Do you need to attend a prestigious college?

Make no mistake about it: we are committed to doing everything in our power to help students gain admission to the colleges they aspire to attend. We recognize, however, that sometimes a school's aura of prestige can get in the way of a thoughtful appraisal of whether or not it is really the best fit, so we welcomed the following reminder from our friends at Collegewise this week:


Going to college is important.  Going to a prestigious college is not.

 

We have nothing against the most prestigious colleges, or the idea that a student may want to attend one.  We work with students every year who go on to all of those schools and end up blissfully happy. Some of our counselors attended those prestigious colleges, and they wear their alumni garb proudly. Many students have wonderful college experiences at Princeton, Duke, Georgetown, and the rest of the 40 or so colleges that are considered the most selective. We're equal-opportunity college enthusiasts.

 

But here's what we are against:

 

  • We're against the notion that prestigious colleges offer inherently better educations or experiences than the less famous schools. There is no evidence to support that assertion.
  • We're against the idea that the only acceptable outcome for an "A" student's hard work is an admission to a college that denies nearly everyone who applies.
  • We're against the belief that "B" and even "C" students can't enjoy their ride to college, too.
  • We're against treating the college admissions process as an escalating arms race, one in which happiness, fulfillment, and sanity are sacrificed in the pursuit of perfect grades, higher test scores, and more impressive activities.
  • And most importantly, we're against the idea that a GPA, test score, or admission decision from a particular college is an accurate measure of a student's worth (or a measure of that student's parents).
  • Human nature dictates that for some people, the more difficult something is to get, the more they covet it. It's the educational equivalent of the exclusive night club—the longer the line outside, the more desperate some people will be to find a way in. But when channeled into college admissions, that desperation to get admitted into a school that turns away nearly everyone ruins the process for a lot of good kids.


We believe that going to college is important. We believe that students should work hard, treat people right, and take an active interest in their educations. But what those hard-working, good kids do once they're in college will be much more important than the names of the schools where they do it.

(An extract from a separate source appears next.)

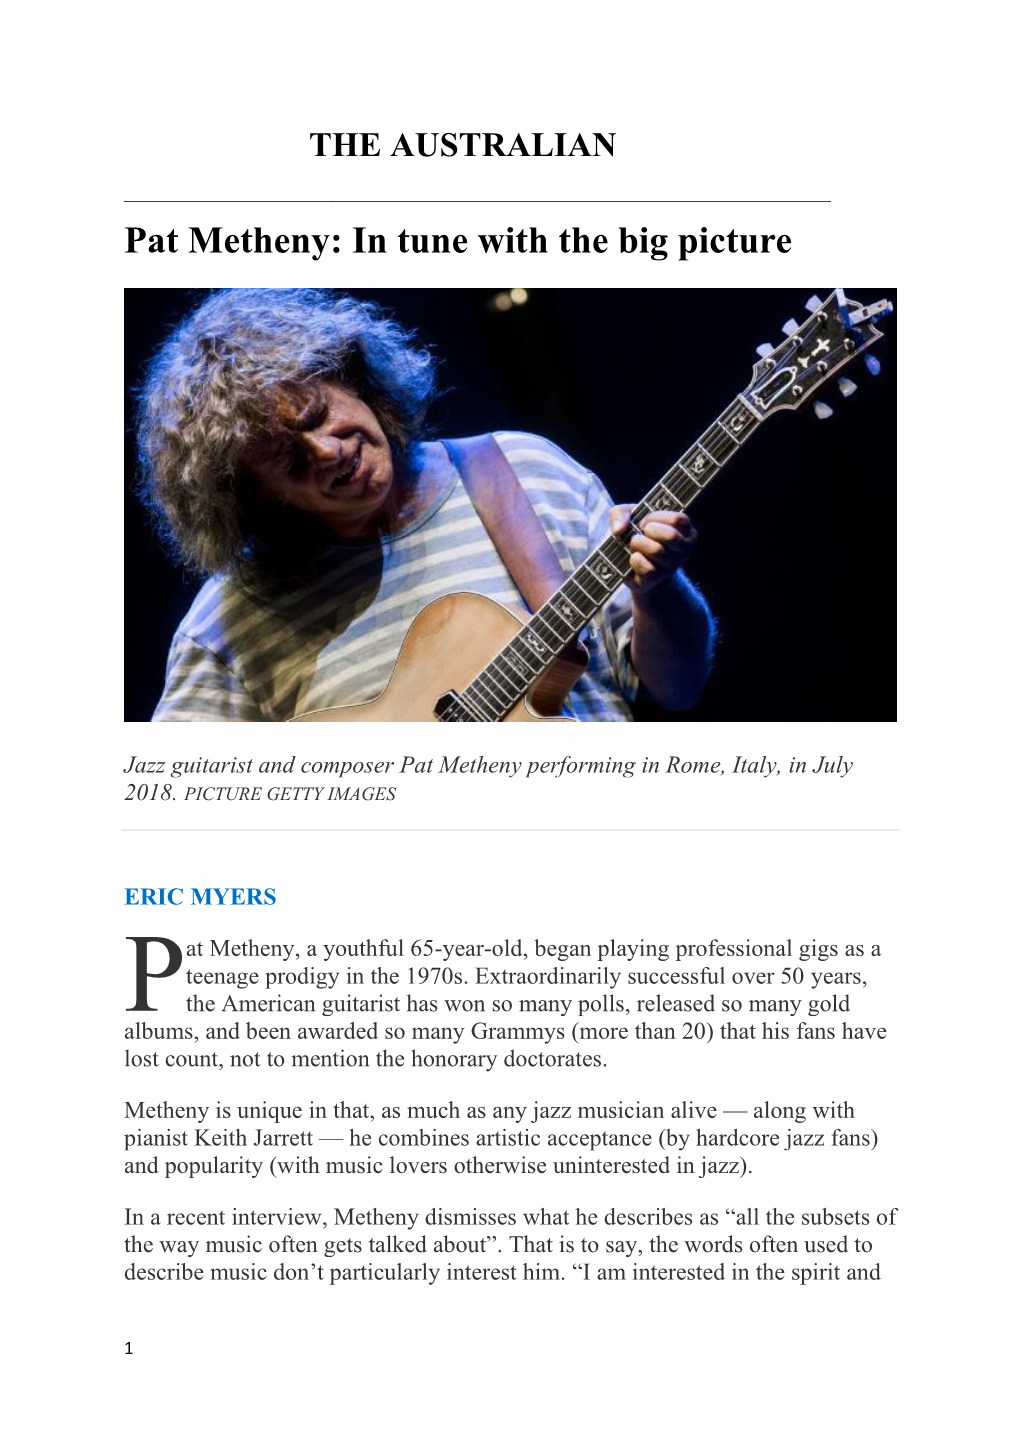 Pat Metheny: in Tune with the Big Picture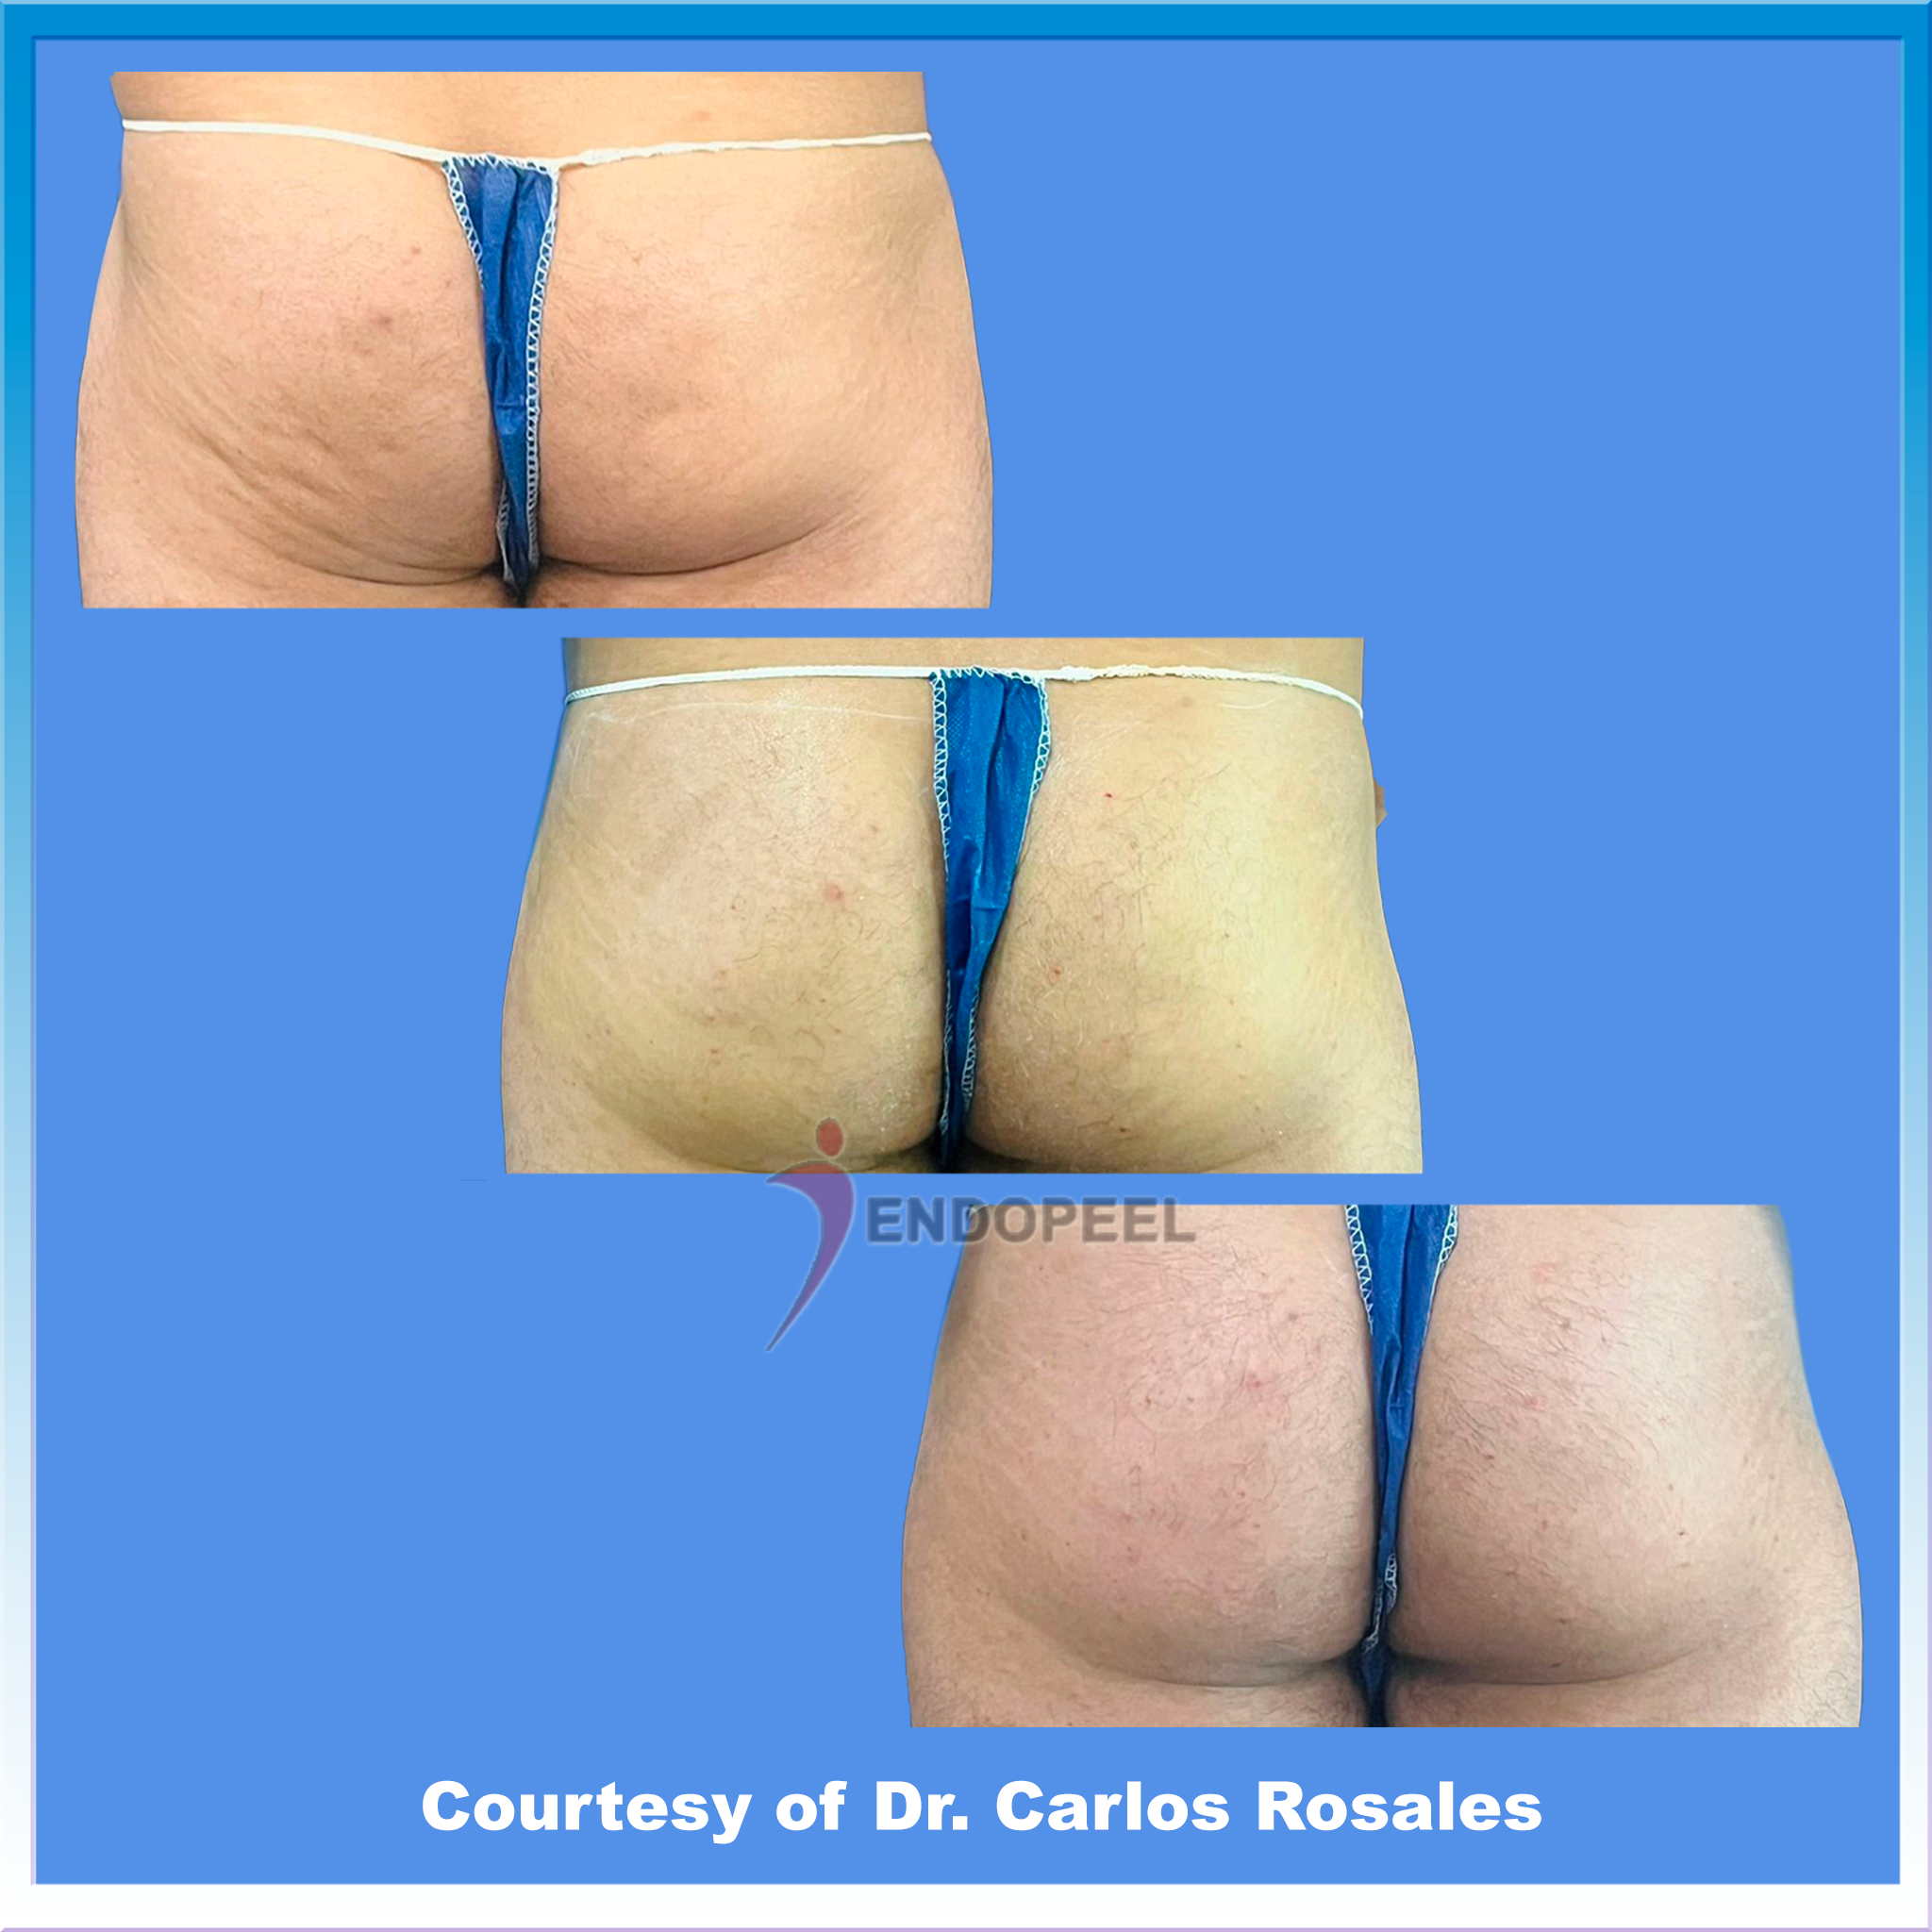 evolution of butts after endopeel treatment of a mature man

For Parents: When You Need to Be a Friend

From our friend Kevin McMullin comes a great reflection on what parents can do when their college-bound kids are exhausted. We share his observation that today's college-bound students "are working longer hours, with more pressure around getting into college, and experiencing higher incident rates of depression and anxiety than ever before," and we agree that there are limits to simply affirming, "But it will all be worth it one day!"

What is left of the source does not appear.